What you will read in this report:

§        How not to get ripped off when buying protection for your family.

§        How do you get the most for your money?  8 Clues to SAVE MONEY on your home insurance...

No

 Insurance Company Has the Lowest Price for Everyone!!!

  I expect that we all know deep down that it's not possible for any home insurance company - no matter what they claim in their ads - to offer the lowest price for every residence in every location. They may want you to think that, but it's just not true. Certainly, there are companies that are often among the lowest in most all cases. And there are companies that are usually among the highest. But no company has the lowest price for everybody.

* Clue.  Your Insurance Agency should be routinely (at least once a year) checking to see that the company they have you placed with, is still the best deal for you.

* Clue.  Also, be aware that prices fluctuate.  Sometimes companies "buy the market" with low prices that are actually below cost, to gain new consumers...with the intention of gradually - or not so gradually - increasing the premium until they are profitable.

Every company has a slightly different appetite for the risks it wants to take on.
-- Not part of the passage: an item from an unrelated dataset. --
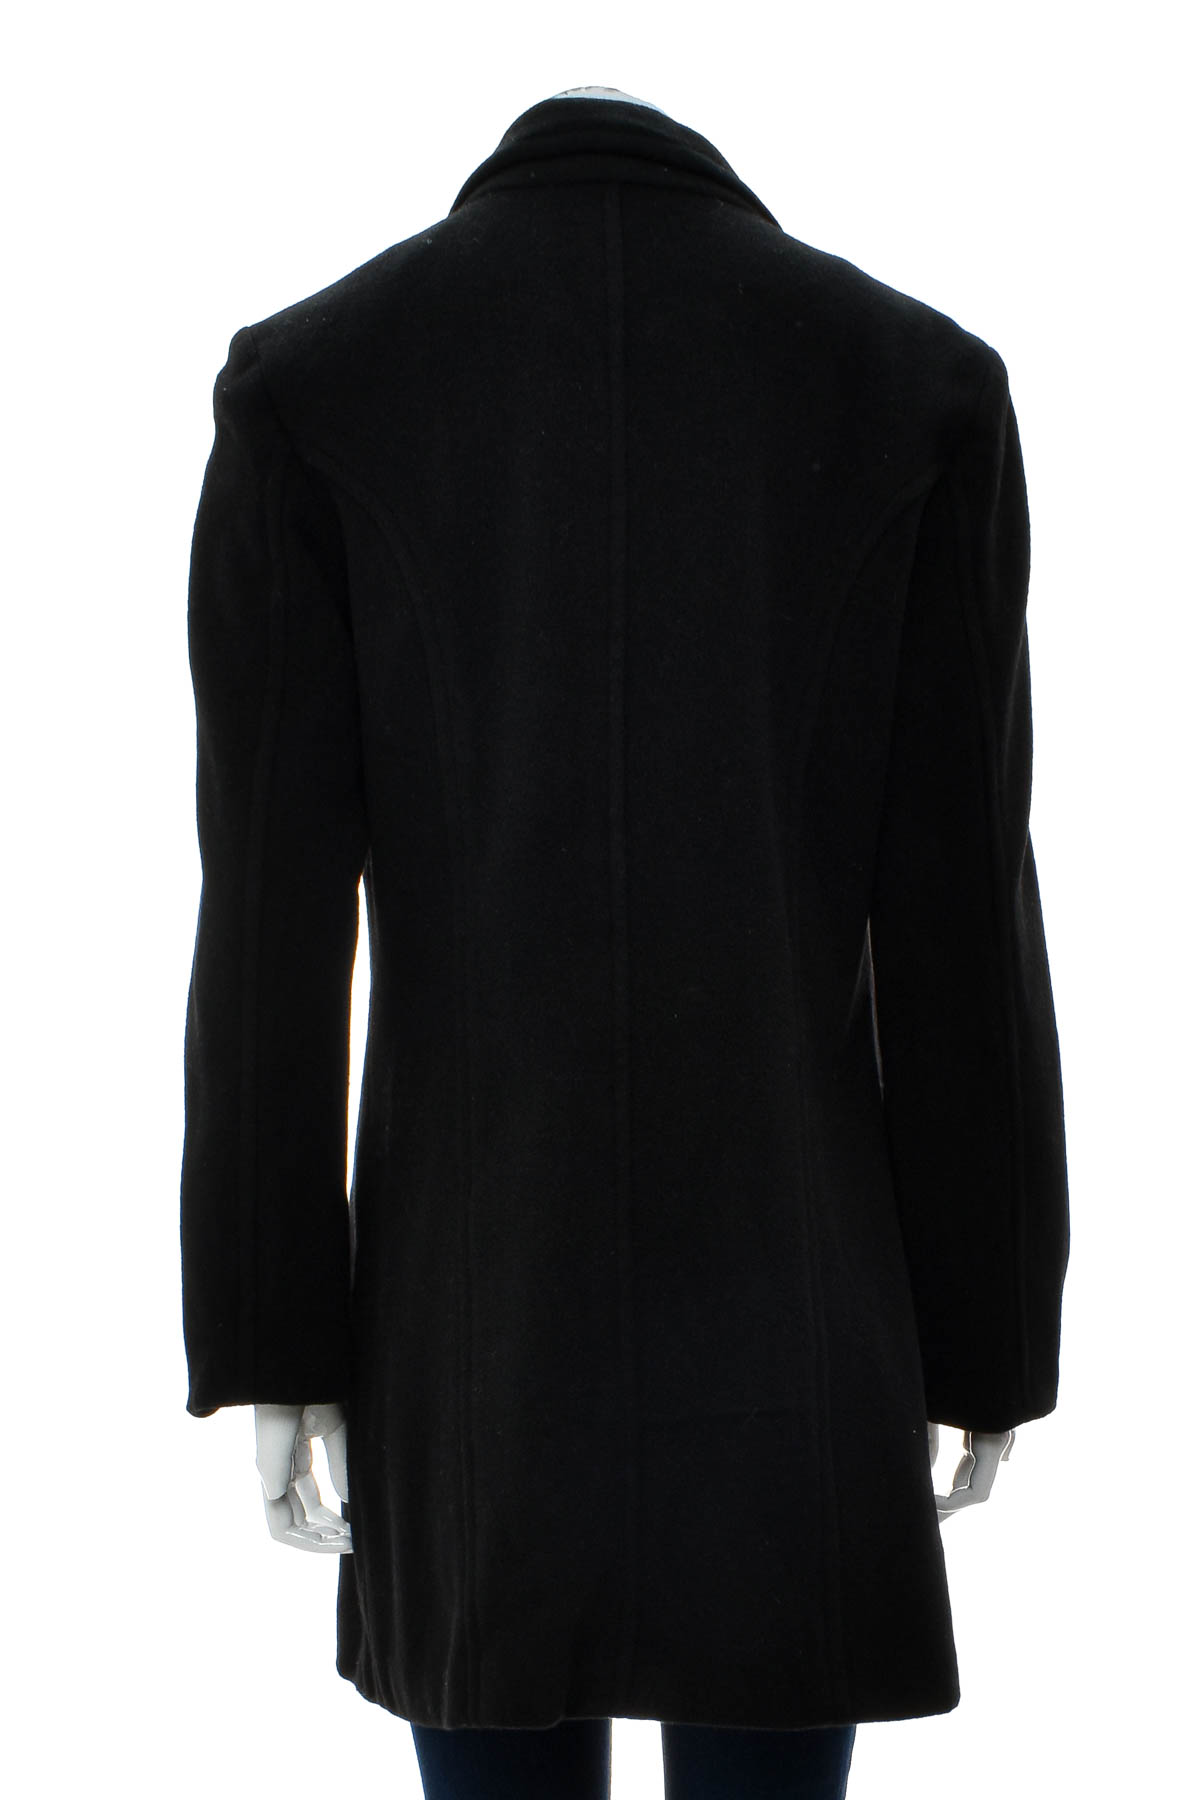 Women's coat - ElleNor - 1

Some insurers want only very new or recently remodeled homes. Other companies specialize in insuring older, poorly maintained houses, since the premiums are so high. Most of the homes these companies insure have only limited coverage.

Some companies target homes in certain areas. There are insurers that really like to do business in big cities, and there are others that would prefer to stay away from highly populated areas. Others want homes in high-risk area's, such as hurricane and tornado locations. Most companies do not want to insure in those areas.

* Clue.  Remember that sometimes "you get what you pay for."  The cheapest option may not provide you or your family with the best protection.  The saying goes, "you don't need insurance until you have a claim."  When you do have a claim - when something has gone wrong - that's a terrible time to discover you don't have adequate protection!           

* Note. An amazing 37% of all unpaid claims are due to dangerous gaps in insurance coverage. 

                                                                                                                                                  

So How Do You Get the Most for Your Money?  Following are 8 Clues to Save Money on Your Homeowners Insurance...

Now that you know a little about homeowner's insurance companies, here are 8 ways to help you pay less for your insurance. In many cases, you can even get better coverage -- for fewer dollars.

 

1.      Nice home, Nice Price? Insurers really like newer homes. That's because it is less likely that something will go wrong with the electrical, heating and plumbing systems. In addition, the structure itself is in better shape. Insurers offer additional discounts of as much as 8% to 15% if the residence was built in the last 10 or 15 years. But did you know that most homes qualify as "preferred rate homes" and are eligible for discounted premiums? However, some people with nice homes pay a lot more than others do.

Actually, most home insurers are actually a collection of several insurance companies, each catering to a certain quality of home. The older and most poorly maintained homes are placed with a standard or even substandard rate company, and the newest and best kept homes are sent to a preferred rate company. The paradox is that people paying preferred rates are usually paying less than others are, even though their homes are generally worth considerably more. However, many people have homes that are somewhat borderline, and are paying higher rates than they might need to.

 The point is, since most people do not know what would have to be done to qualify for better prices -- they end up staying at the same price level far too long. If you have recently made improvements to your home, and have been paying standard or substandard rates -- there is no reason you shouldn't be able to be moved into preferred rates --paying the lowest price a group of insurance companies has to offer.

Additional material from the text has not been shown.